Difficult–Easy or Easy–Difficult—
Does It Matter?

Jim Lewis, PhD • Jeff Sauro, PhD

The seven-point Single Ease Question (SEQ®) has become a standard in assessing post-task perceptions of ease.

We developed the SEQ over a decade ago after our research showed it performed comparably to or better than other single-item measures. It is an extension of an earlier five-point version that Tedesco and Tullis (2006 [PDF]) found performed best relative to a few alternatives.

Since the SEQ’s inception, we have collected data from thousands of task experiences to generate a normalized database of scores with an average ease score of about 5.5. We have also established its strong correlation to task completion and task time.

Other than changing the number of points, we have also wanted to understand the impact of other slight variations on the presentation of the scale, including numbering, labels, and orientation (polarity).

Consider the two SEQ items shown in Figure 1.

Figure 1: Two SEQ item formats differing in the polarity of the endpoints.

The only difference is in the polarity of the endpoints. The standard version has Very Difficult on the left, and the alternate version has Very Easy on the left.

It seems like measures taken with these two formats might be systematically different, but then again, maybe not.

In this article, we describe why the formats may or may not produce different outcomes and the results of an experiment to estimate the magnitude of the difference.

Why Is the Standard Format Standard?

Although there has been variation in this aspect of rating scale design over the years, the more common current practice is to put the endpoint associated with a poorer experience or less agreement on the left. The System Usability Scale (SUS) has the negative pole on the left, as do the SUPR-Q®, QUIS, and SUMI. In contrast, the Post Study System Usability Questionnaire (PSSUQ) has the positive pole on the left.

The rationale for using the standard format includes pragmatic and theoretical elements. Pragmatically, it’s generally easier to interpret results when larger numbers indicate a better outcome. Theoretically, putting the negative-tone endpoint on the left has been hypothesized to strike some balance between two potential response biases: left-side bias (tendency to select the leftmost response option) and acquiescence bias (tendency to be agreeable or positive).

So, the hypothesis is that putting Very Difficult on the left and Very Easy on the right splits the biases between the endpoints. On the other hand, putting Very Easy on the left might artificially increase the likelihood of its selection because it would attract both types of bias, manipulating the response distribution to a more favorable outcome.
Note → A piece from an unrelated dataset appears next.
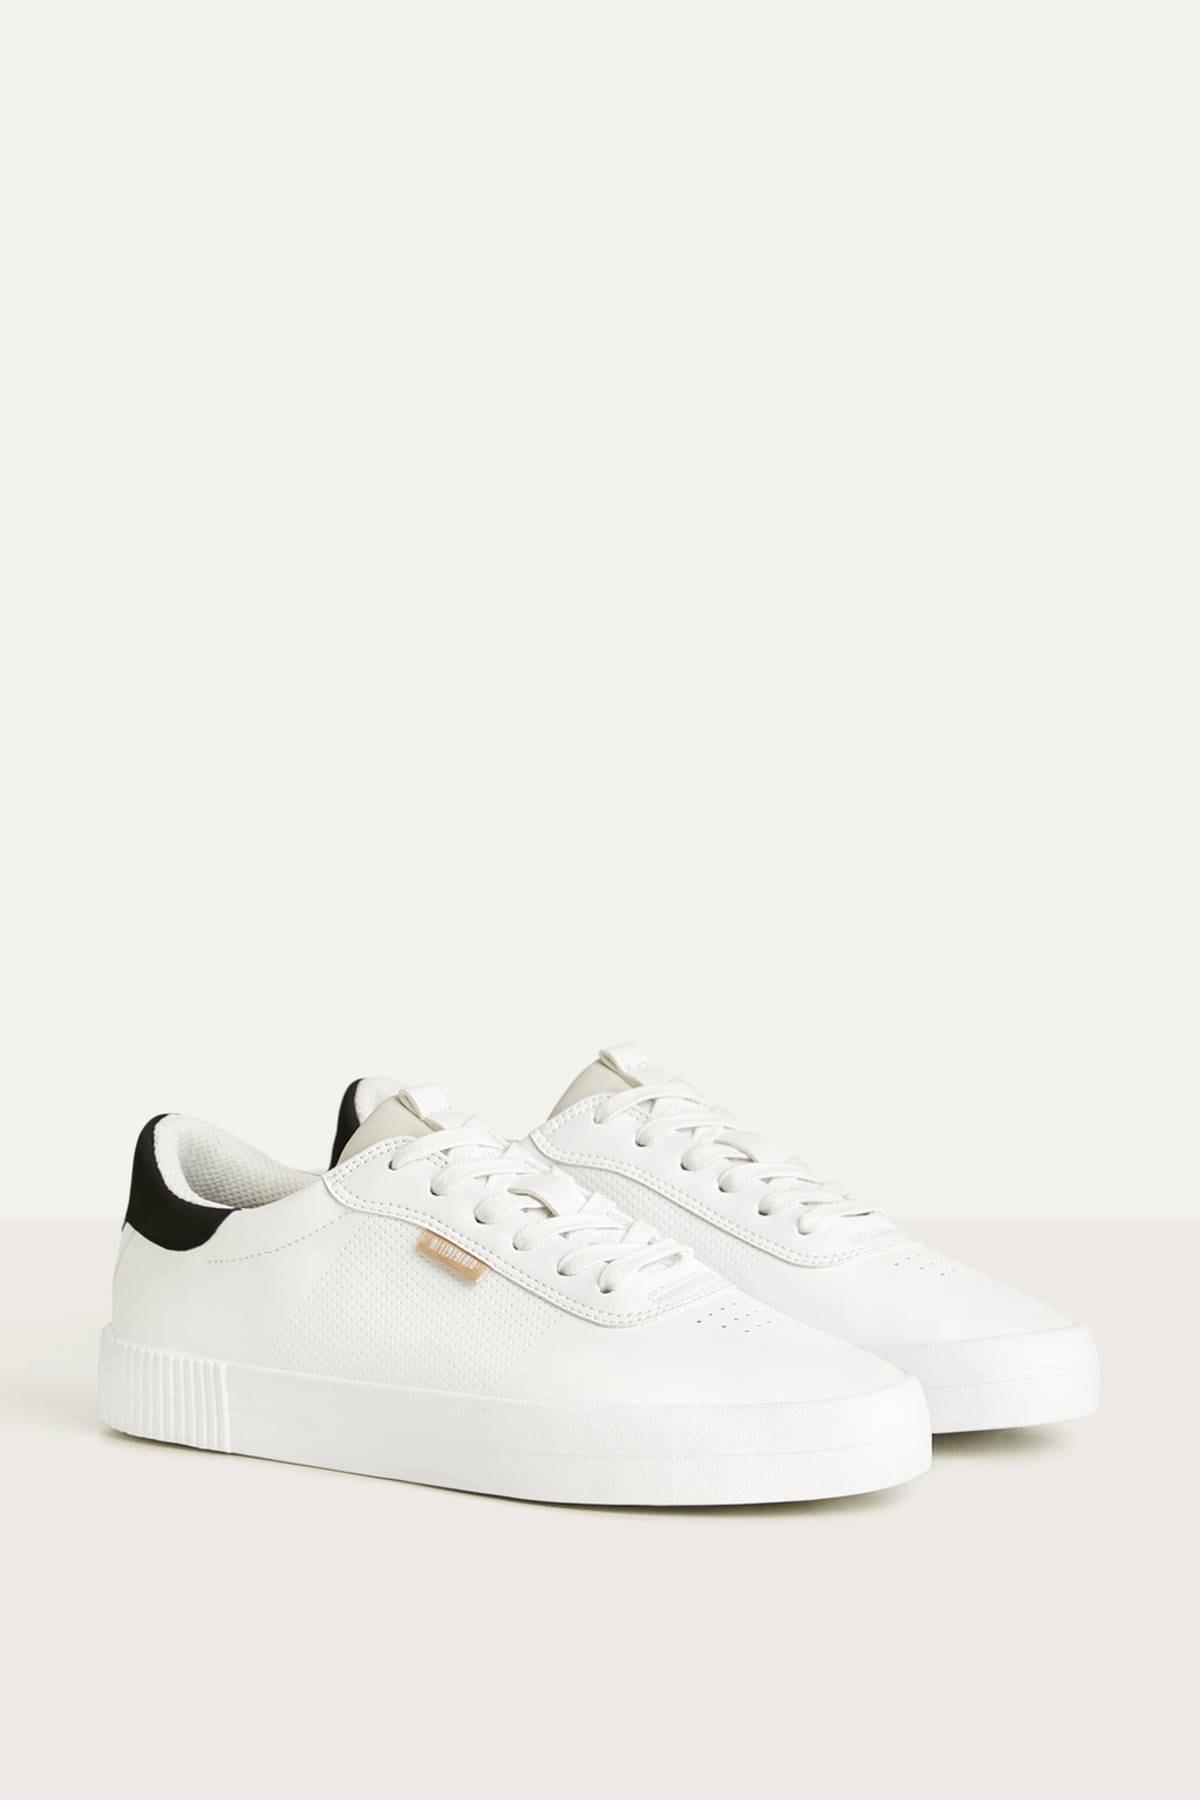 خرید کفش اسپرت مردانه ترک جدید مارک bershka کد ty40975451

How Strong Are Left-Side and Acquiescence Biases?

For these theoretical arguments to be compelling, there would need to be evidence that the effects of these biases are consistent and strong.

We recently conducted a critical literature review on the left-side bias. In that review of six research papers, only four reported credible effect sizes for a bias (three on the left side, one on the right), averaging 0.6% of the range of the rating scales used in the studies.

A consistent and strong effect of acquiescence bias has also been elusive. According to Nunnally (1978, p. 669), “The overwhelming weight of the evidence now points to the fact that the agreement tendency [acquiescence bias] is of very little importance either as a measure of personality or as a source of systematic invalidity in measures of personality and sentiments.” For example, despite claims that acquiescence bias has more effect on response to items with agreement endpoints (Likert-type items) than item-specific endpoints, Lewis (2018) found a nonsignificant mean difference of just 0.5% of the scale range in the direction expected for an acquiescence bias.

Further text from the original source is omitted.